Exceptions. Exceptions are provided for certain real estate transactions including:
- Excepted Real Estate Investor – Covered real estate transactions involving foreign persons defined as “excepted real estate investors” based on their ties to countries identified by CFIUS as “excepted real estate foreign states”. CFIUS has named Australia, Canada, and the United Kingdom of Great Britain and Northern Ireland as excepted real estate foreign states.
- Urbanized areas or clusters – As defined by the Census Bureau, except those relating to relevant ports and those in “close proximity,” defined as one-mile, to certain military installations.
- Other real estate – including the purchase, lease, or concession of a single “housing unit,” real estate for purposes of retail sales, and certain commercial space in multi-unit commercial buildings.
Filing Requirements. Parties may file a long-form notice or submit a short-form declaration notifying CFIUS of a real estate transaction in order to potentially qualify for a “safe harbor” letter. If a transaction could result in control of a U.S. business by a foreign person, it would be covered by Part 800 and would not be considered a real estate transaction under Part 802.
Within the final rules, CFIUS has included an interim final rule to define a party’s ‘‘principal place of business’’ as ‘‘the primary location where an entity’s management directs, controls, or coordinates the entity’s activities, or, in the case of an investment fund, where the fund’s activities and investments are primarily directed, controlled, or coordinated by or on behalf of the general partner, managing member, or equivalent.” The definition helps to clarify that U.S. entities such as investment funds that are established offshore will not be considered foreign persons whose investments are subject to the jurisdiction of CFIUS provided their “nerve center” is in the United States. The comment period on the interim final rule has closed.
The Committee on Foreign Investment in the United States is an interagency committee chaired by the Secretary of the Treasury. It is authorized to review certain transactions involving foreign investment in the United States to determine the effect of such transactions on the national security of the United States. On August 13, 2018, the Foreign Investment Risk Review Modernization Act of 2018 was enacted.
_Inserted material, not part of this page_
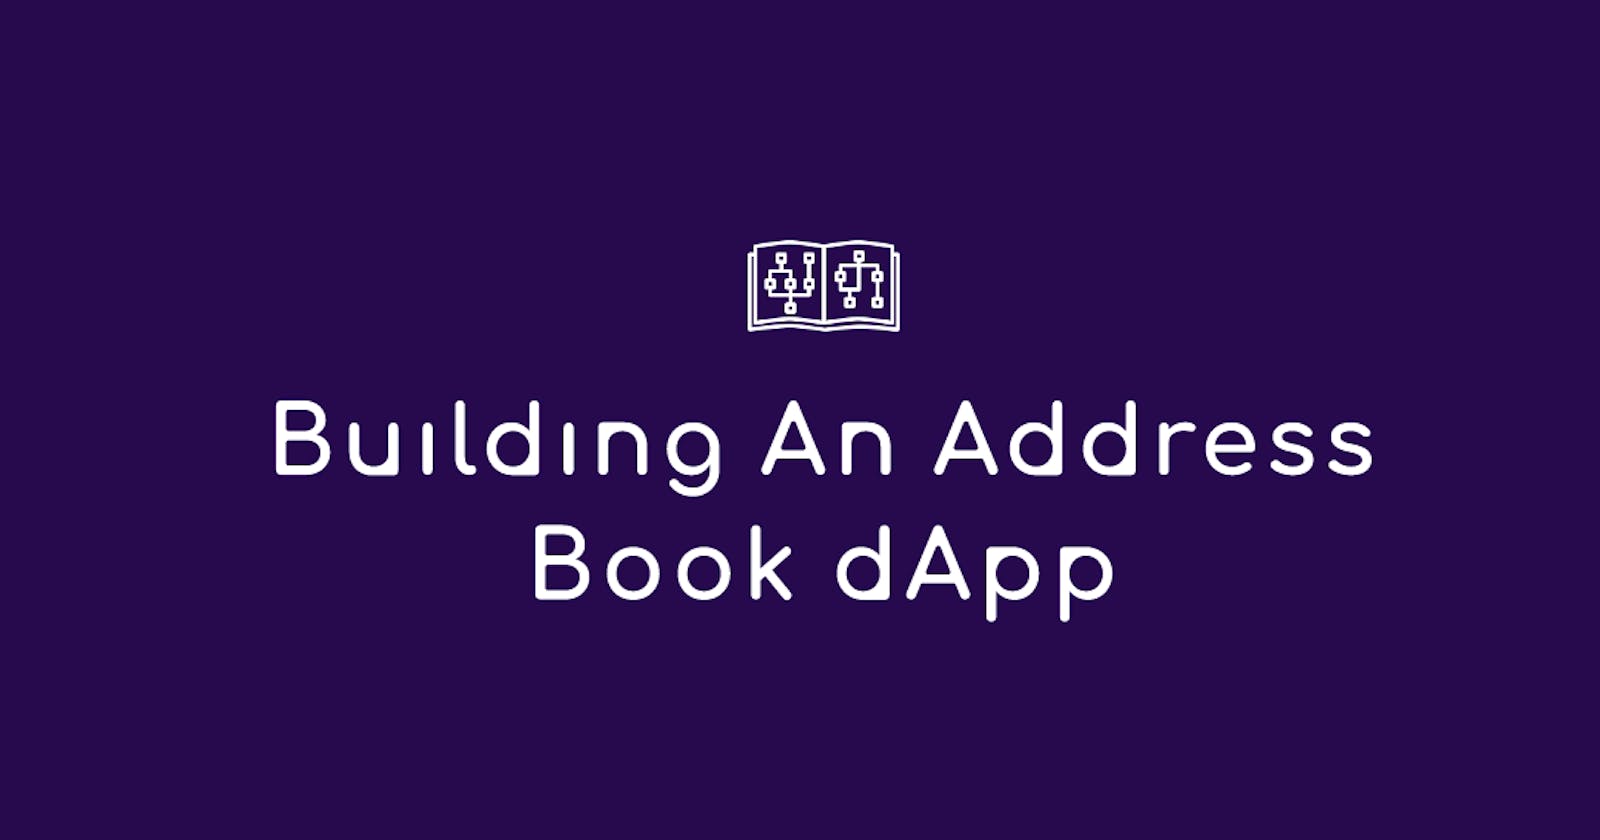 Building An Address Book dApp. (Part 1)

The law broadens the authorities of the President and CFIUS regarding national security concerns to include transactions arising from certain foreign non-controlling investments and real estate transactions that previously fell outside CFIUS’s jurisdiction.
Membership of CFIUS includes the heads of the Department of the Treasury, Department of Justice, Department of Homeland Security, Department of Commerce, Department of Defense, Department of State, Department of Energy, Office of the U.S. Trade Representative, and Office of Science and Technology Policy.